Wilsons Promontory to Cape York by bike - Bourke to Cunnamulla

Day: 012
Date: Tuesday, 8 August 2006
Summary: Riding from Bourke to 60km south of Cunnamulla.
Start: Bourke
Finish: 60km south of Cunnamulla.
Daily Kilometres: 194
Total Kilometres: 1495
Weather: Cold early but mild and sunny for the rest of the day with a light, mostly cross wind.
Accommodation: Camping by the road, 60km south of Cunnamulla , Queensland .
Nutrition:
  Breakfast:  Muffin and biscuits
  Lunch:  Pie and sausage roll
  Dinner:  Peanut butter roll and apple for dinner.
Encounters: Saw kangaroos, feral goats and lots of very aromatic road kill.
Highlights: Completing my ride across NSW in less than five days with great weather, mostly flat roads, little traffic and dinkum outback scenery.

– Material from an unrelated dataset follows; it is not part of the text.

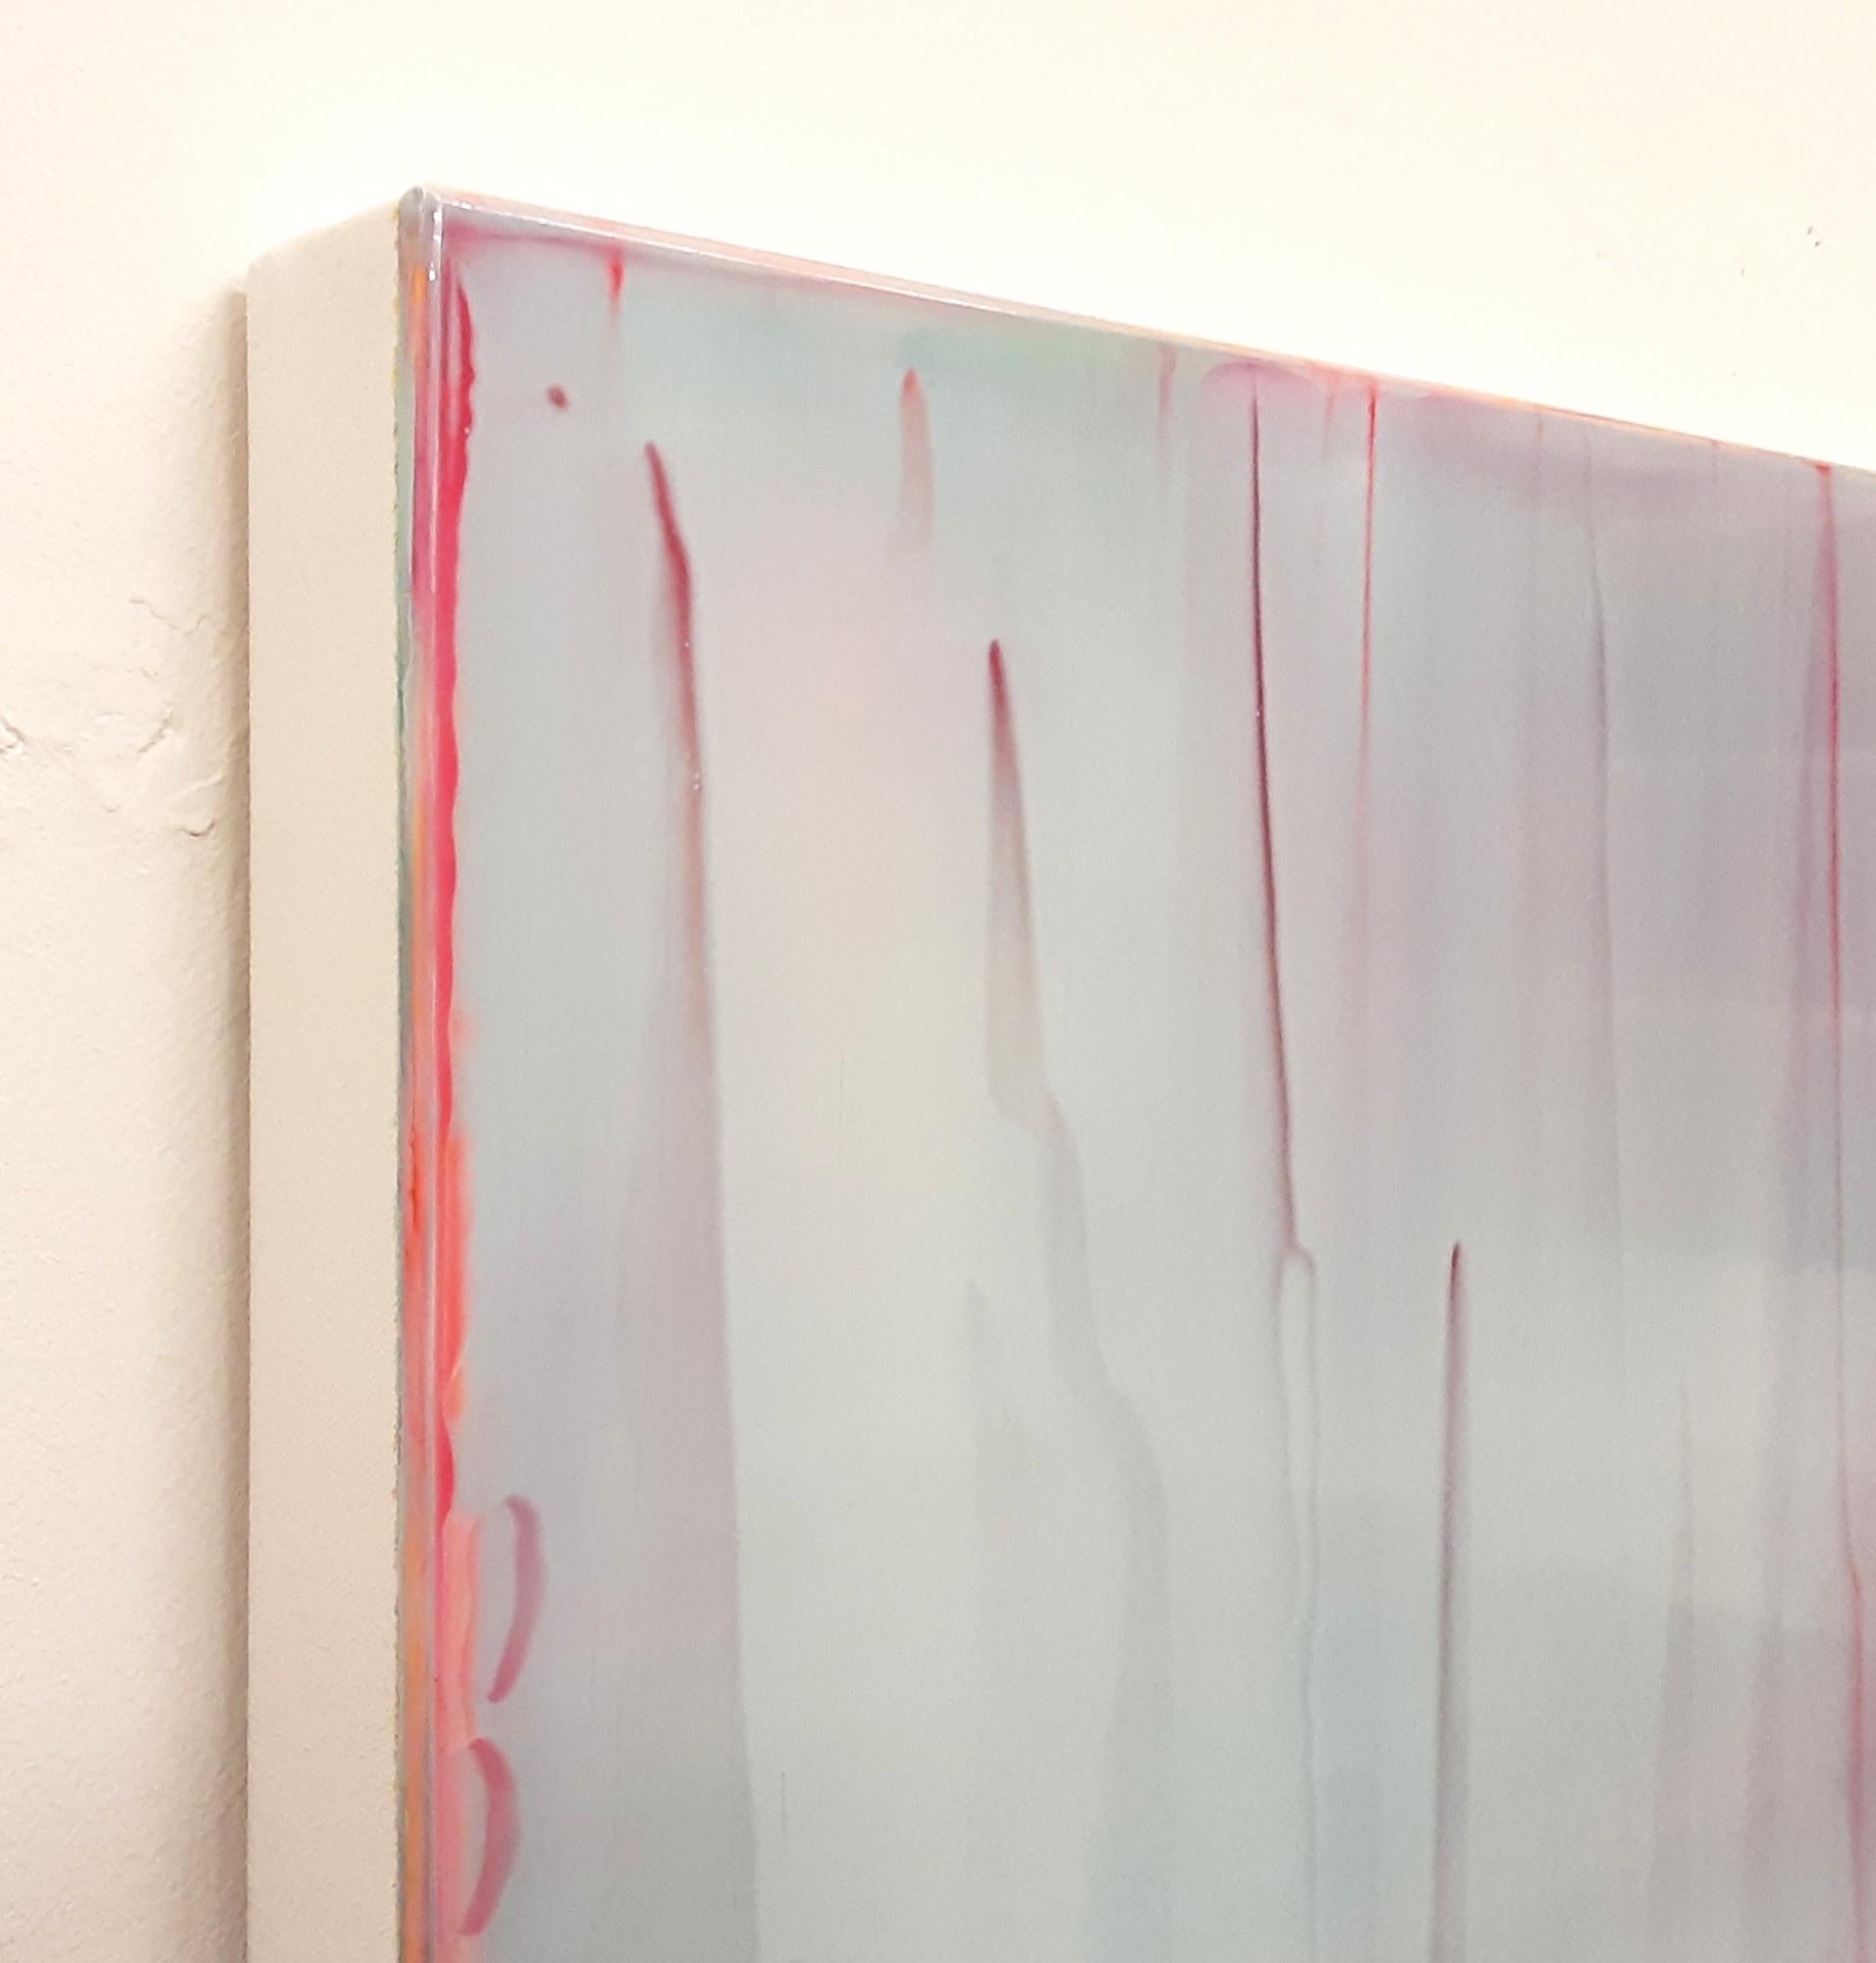 Lucent (4/19) by James Lumsden - Abstract colour painting, pink and light blue For Sale 5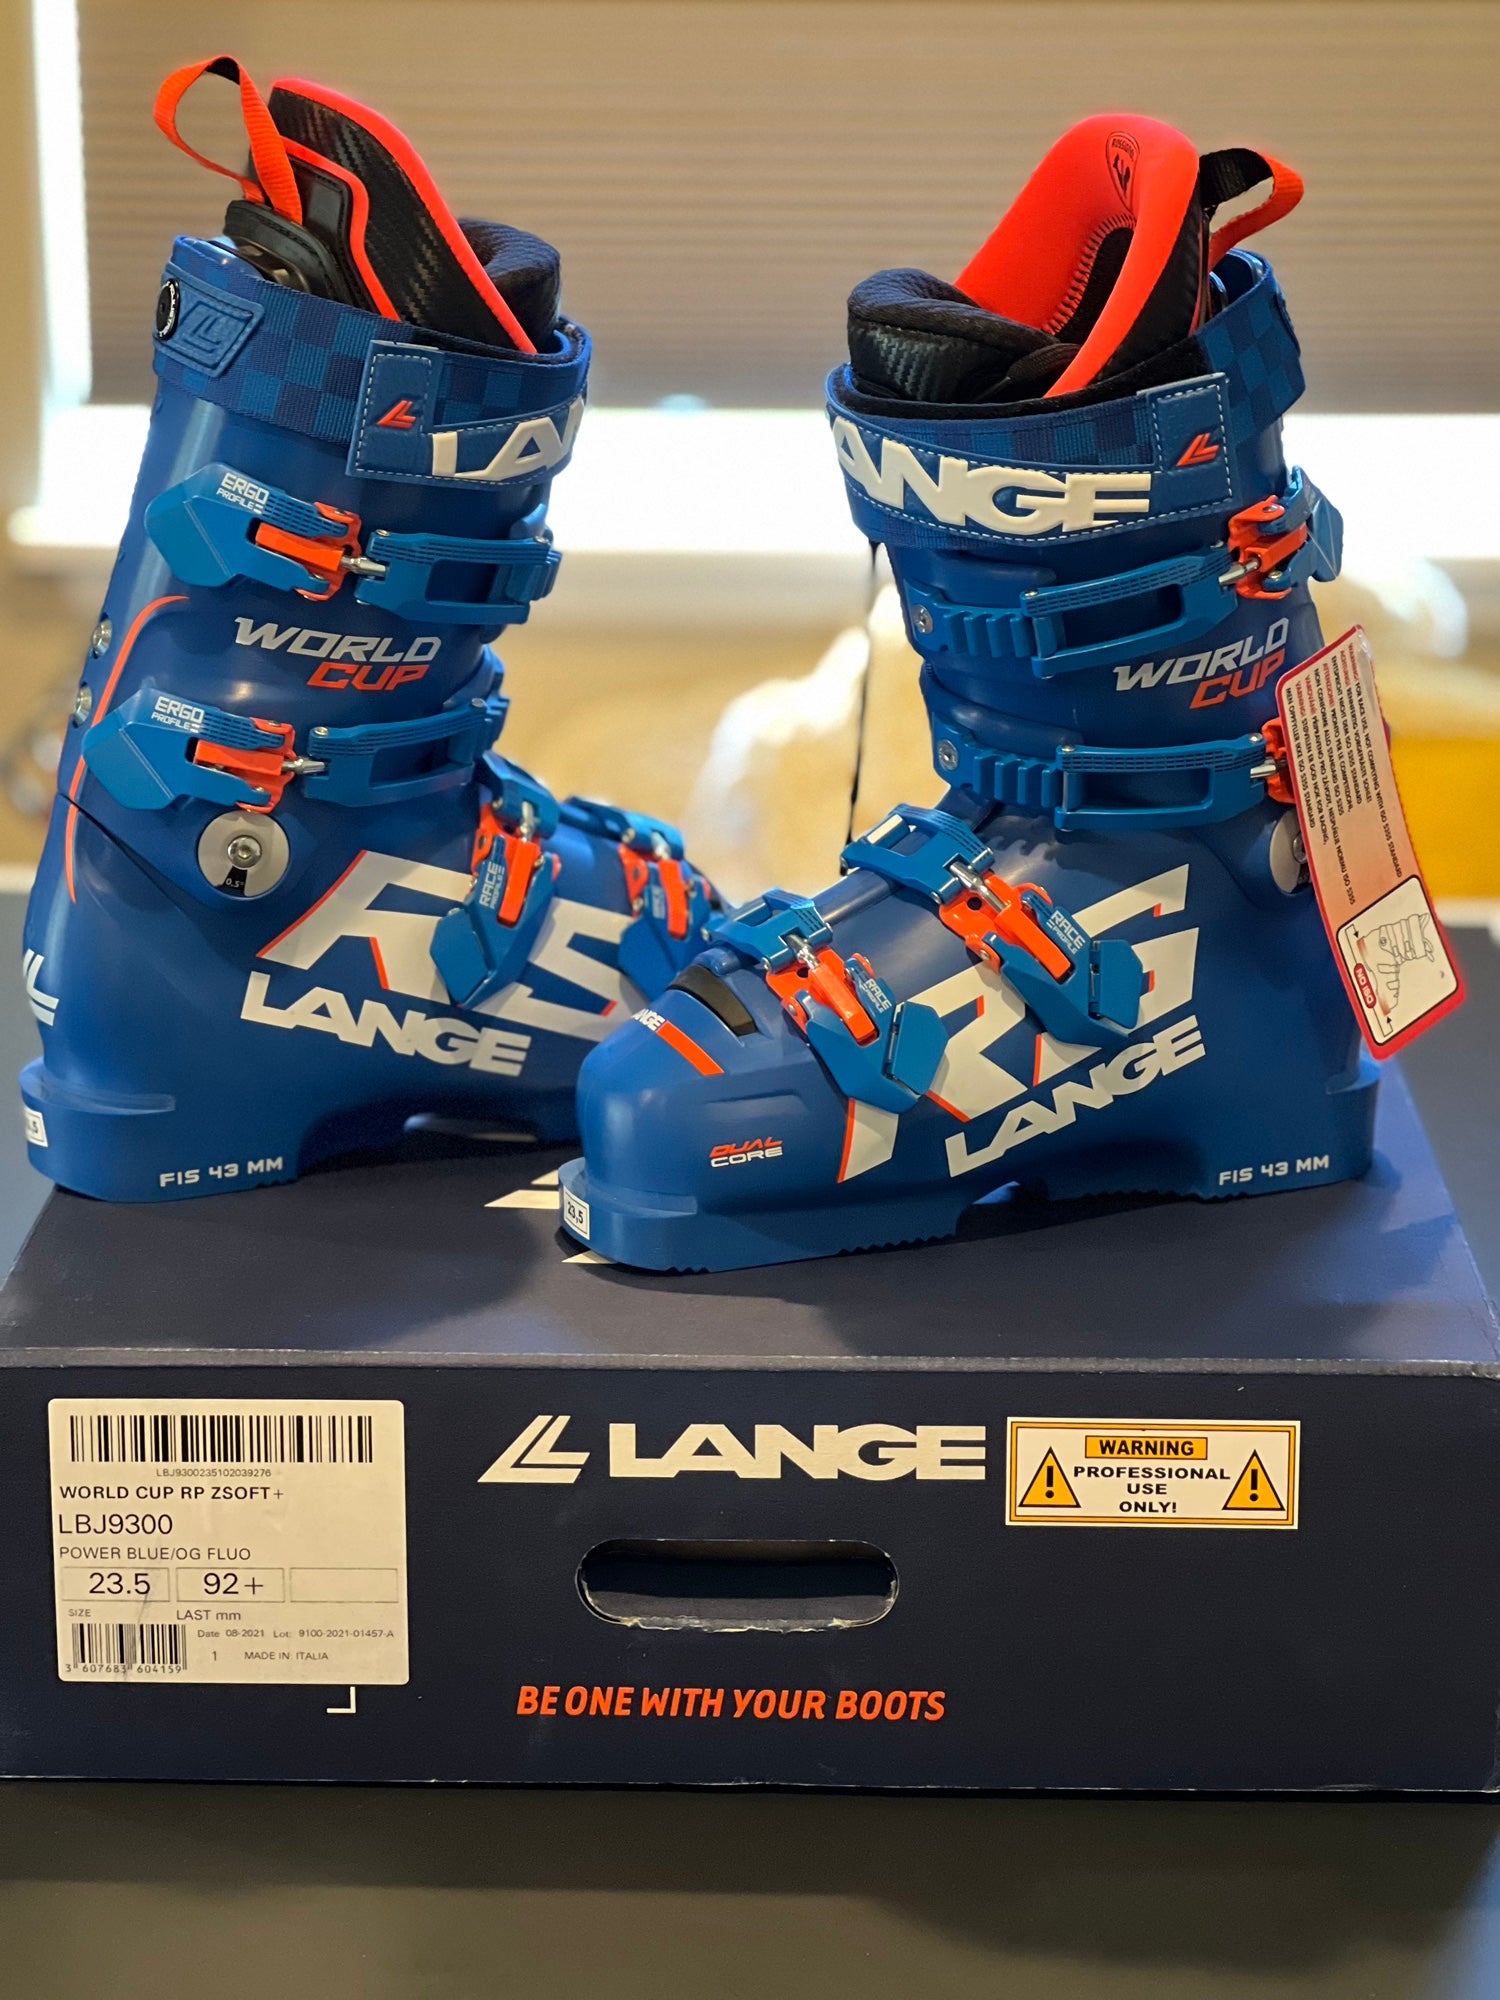 New Lange World Cup Ski Boots RP Zsoft + | SidelineSwap

Lowlights: My right ankle has been quite sore, especially when I stand up on the pedals (as I do frequently to give my butt a break), and my backpack was rubbing on a particular vertebrae.

Journal:
I decided to get going early, leaving town via the nearby bakery at 6:30am, although I was unsure what my game plan was going to be for the day.  It would be a very long day to Cunnamulla (~250km) or quite a short day to Barringun (136km).  I again made good time through flat mostly open arid grazing land.  There was virtually no traffic for the first couple of hours.  I reached Barringun on the Queensland border around 1:30pm and decided to ride on another 60km and camp by the road rather than ride in the dark all the way to Cunnamulla (I probably wouldn’t have got there until after 8pm).  Before continuing, I called the public library in Cunnamulla to make sure they would be open tomorrow and that they had internet access.  I booked an hour from 3pm.  I’ve decided that, rather than have a full day off in Charleville, I’ll have a short ride tomorrow and call my Cunnamulla day a rest stop.  That will give me two days up my sleeve on  my schedule.  I rode until about 5:30pm and found a spot just off the road to camp.  It wasn’t great, but OK, apart from the mosquitoes (no repellent!).  I set up camp, had a quick dinner and went to bed soon after 7pm with the goal of getting an early start tomorrow so that I would be in Cunnamulla in mid-morning.